Они все трое не знали города, и я должен был выбирать кратчайшую дорогу к
тюрьме, я сам должен был привести их на Лубянку, на которой они никогда не
были (а я её путал с министерством иностранных дел).
После суток армейской контр-разведки; после трёх суток в контр-разведке
фронтовой, где однокамерники меня уже образовали (в следовательских обманах,
угрозах, битье; в том, что однажды арестованного никогда не выпускают назад;
в неотклонимости [десятки]) -- я чудом вырвался вдруг и вот уже четыре дня
еду как [вольный], и среди [вольных], хотя бока мои уже лежали на гнилой
соломе у параши, хотя глаза мои уже видели избитых и бессонных, уши слышали
истину, рот отведал баланды -- почему ж я молчу? почему ж я не просвещаю
обманутую толпу в мою последнюю гласную минуту?
Я молчал в польском городе Бродницы -- но, может быть, там не понимают
по-русски? Я ни слова не крикнул на улицах Белостока -- но, может быть
поляков это все не касается? Я ни звука не проронил на станции Волковыск --
но она была малолюдна. Я как ни в чём не бывало шагал с этими разбойниками
по минскому перрону -- но вокзал еще разорён. А теперь я ввожу за собой
смершевцев в белокупольный круглый верхний вестибюль метро
Белорусского-радиального, он залит электричеством, и снизу вверх навстречу
нам двумя параллельными эскалаторами поднимаются густо-уставленные москвичи.

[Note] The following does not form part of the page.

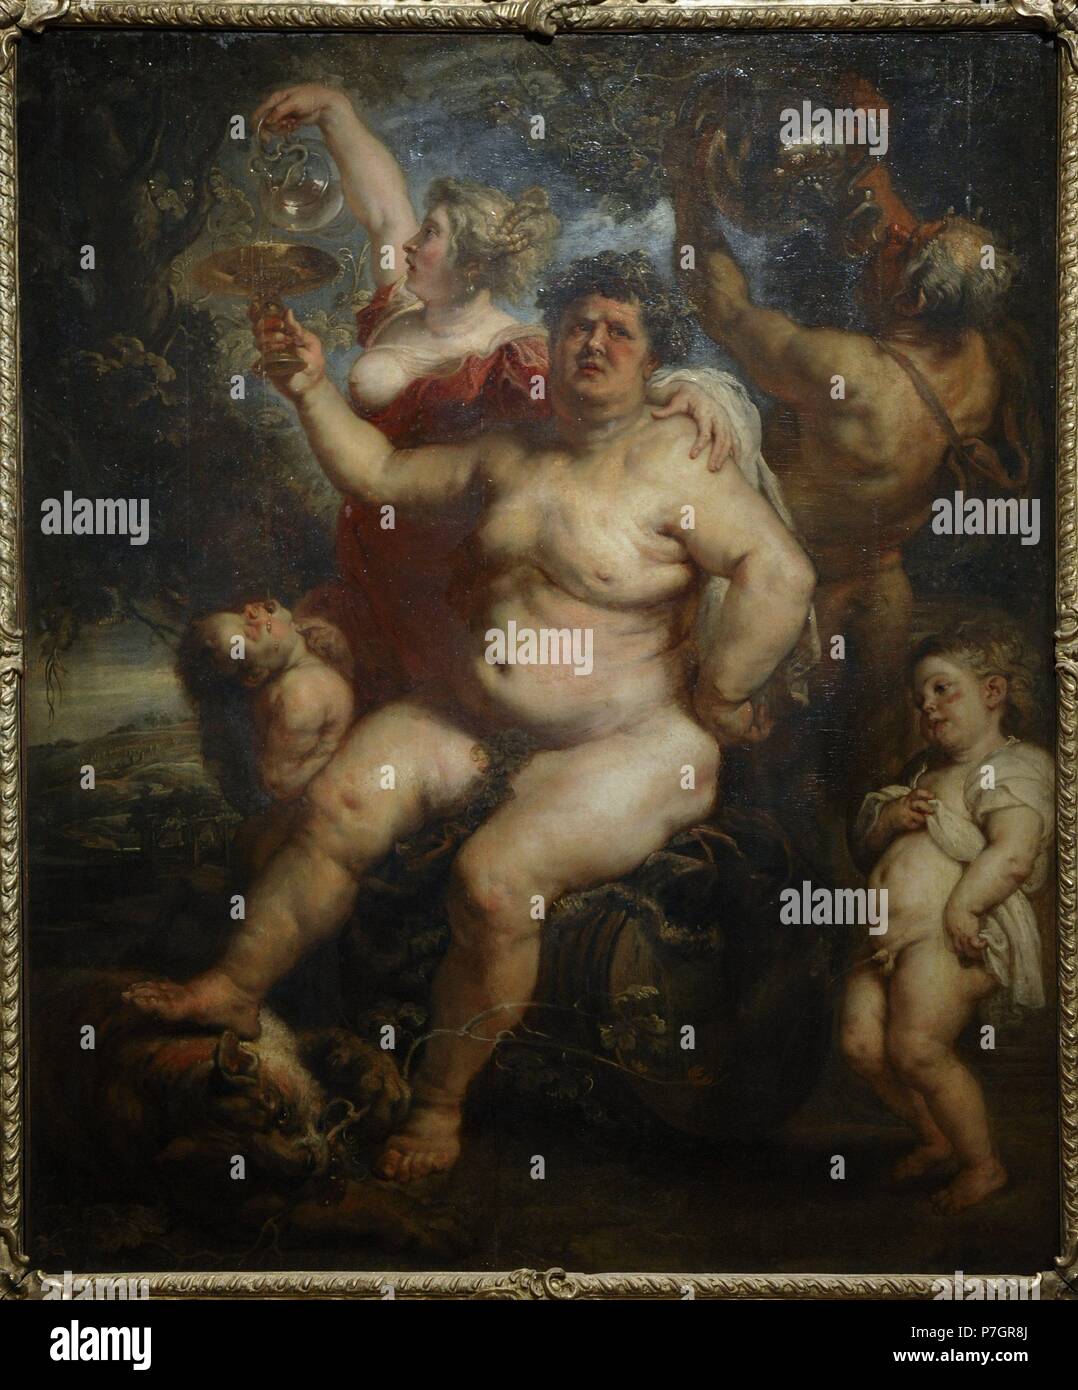 Rubens (1577-1640). Flämischen Barock Maler. Bacchus, 1638-40. Öl auf Leinwand. Die Eremitage. Sankt Petersburg. Russland. Stockfoto
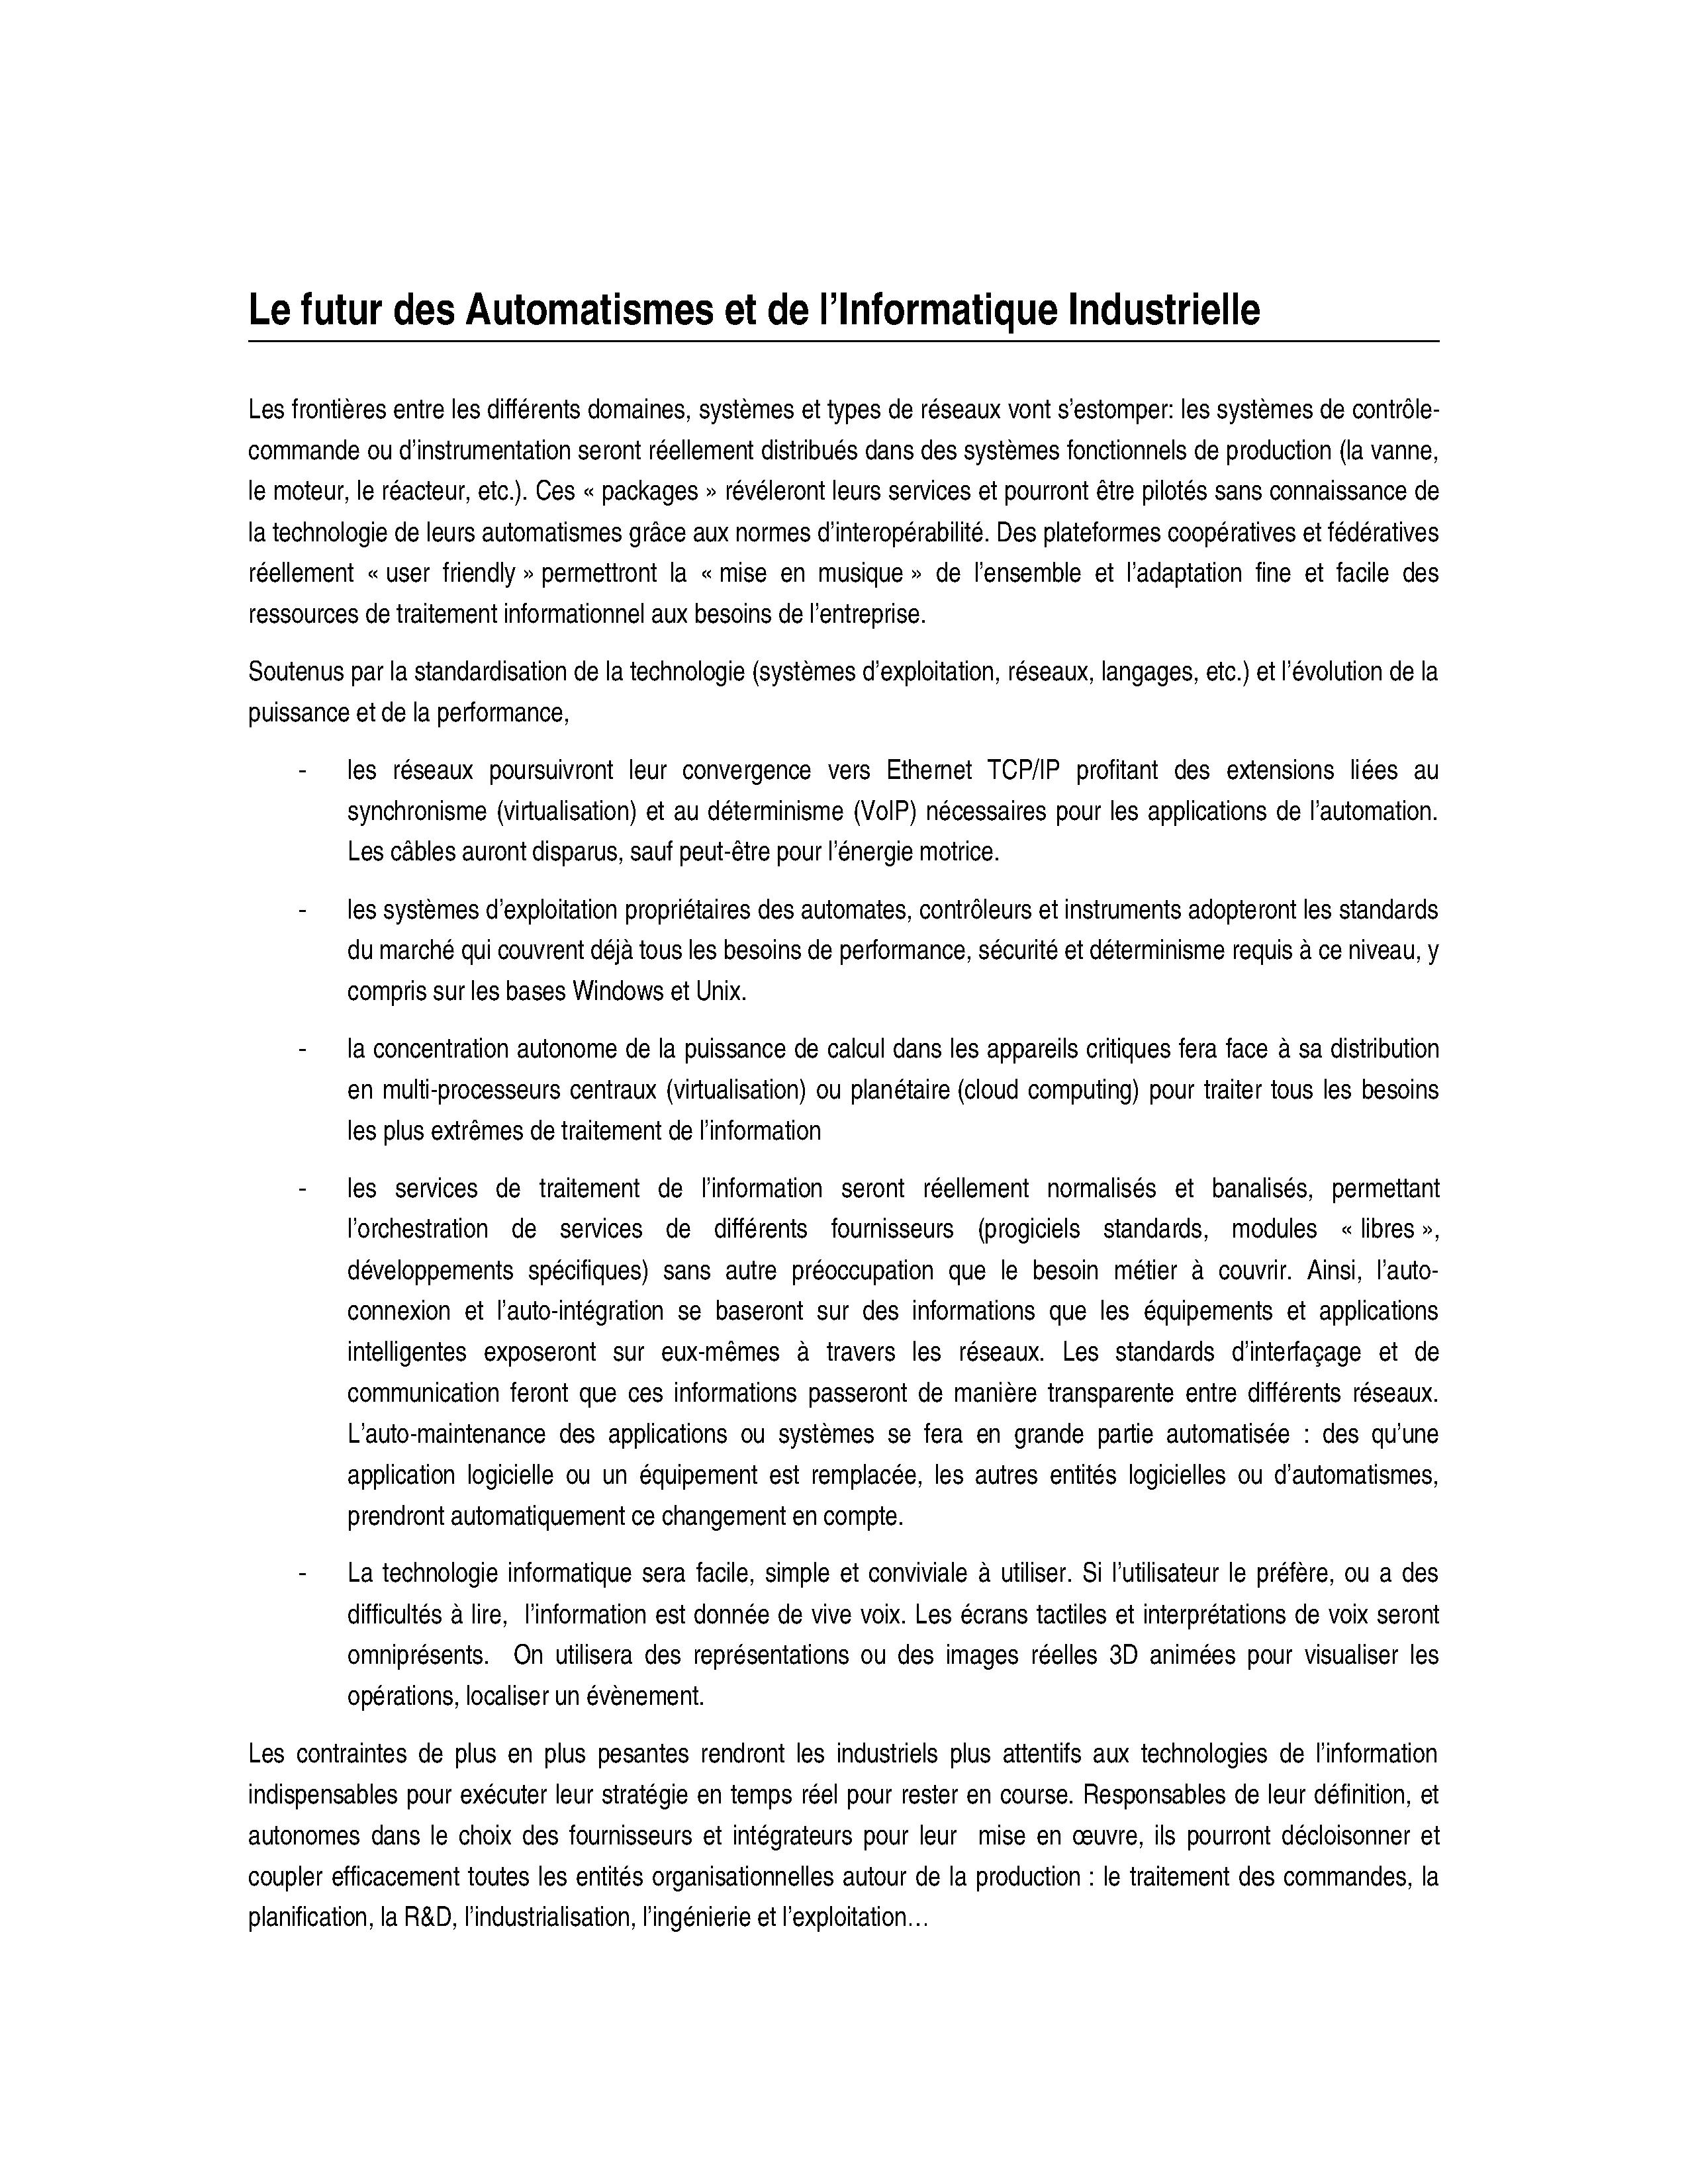 2008 - Jautomatise - Futur des Automatismes et de lInformatique Industrielle.doc

Они, кажется, все смотрят на меня! они бесконечной лентой оттуда, из глубины
незнания -- тянутся, тянутся, под сияющий купол ко мне хоть за словечком
истины -- так что ж я молчу??!..
А у каждого всегда дюжина гладеньких причин, почему он прав, что не
жертвует собой.
Одни еще надеются на благополучный исход и криком своим боятся его
нарушить (ведь к нам не поступают вести из потустороннего мира, мы уже не
знаем, что с самого мига взятия наша судьба уже решена почти по худшему
варианту, и ухудшить её нельзя). Другие еще не дозрели до тех понятий,
которые слагаются в крик к толпе. Ведь это только у революционера его
лозунги на губах и сами рвутся наружу, а откуда они у смирного, ни в чём не
замешанного обывателя? он просто НЕ ЗНАЕТ, ЧТО' ему кричать. И наконец, еще
есть разряд людей, у которых грудь слишком переполнена, глаза слишком много
видели, чтобы можно было выплеснуть это озеро в нескольких бессвязных
выкриках.
А я -- я молчу еще по одной причине: потому, что этих москвичей,
уставивших ступеньки двух эскалаторов, мне всё равно мало -- [[мало]]! Тут
мой вопль услышат двести, дважды двести человек -- а как же с двумястами
миллионами?.. Смутно чудится мне, что когда-нибудь закричу я двумстам
миллионам...
А пока, не раскрывшего рот, эскалатор неудержимо сволакивает меня в
преисподнюю.
И еще я в Охотном ряду смолчу.
Не крикну около "Метрополя".
Не взмахну руками на Голгофской Лубянской площади...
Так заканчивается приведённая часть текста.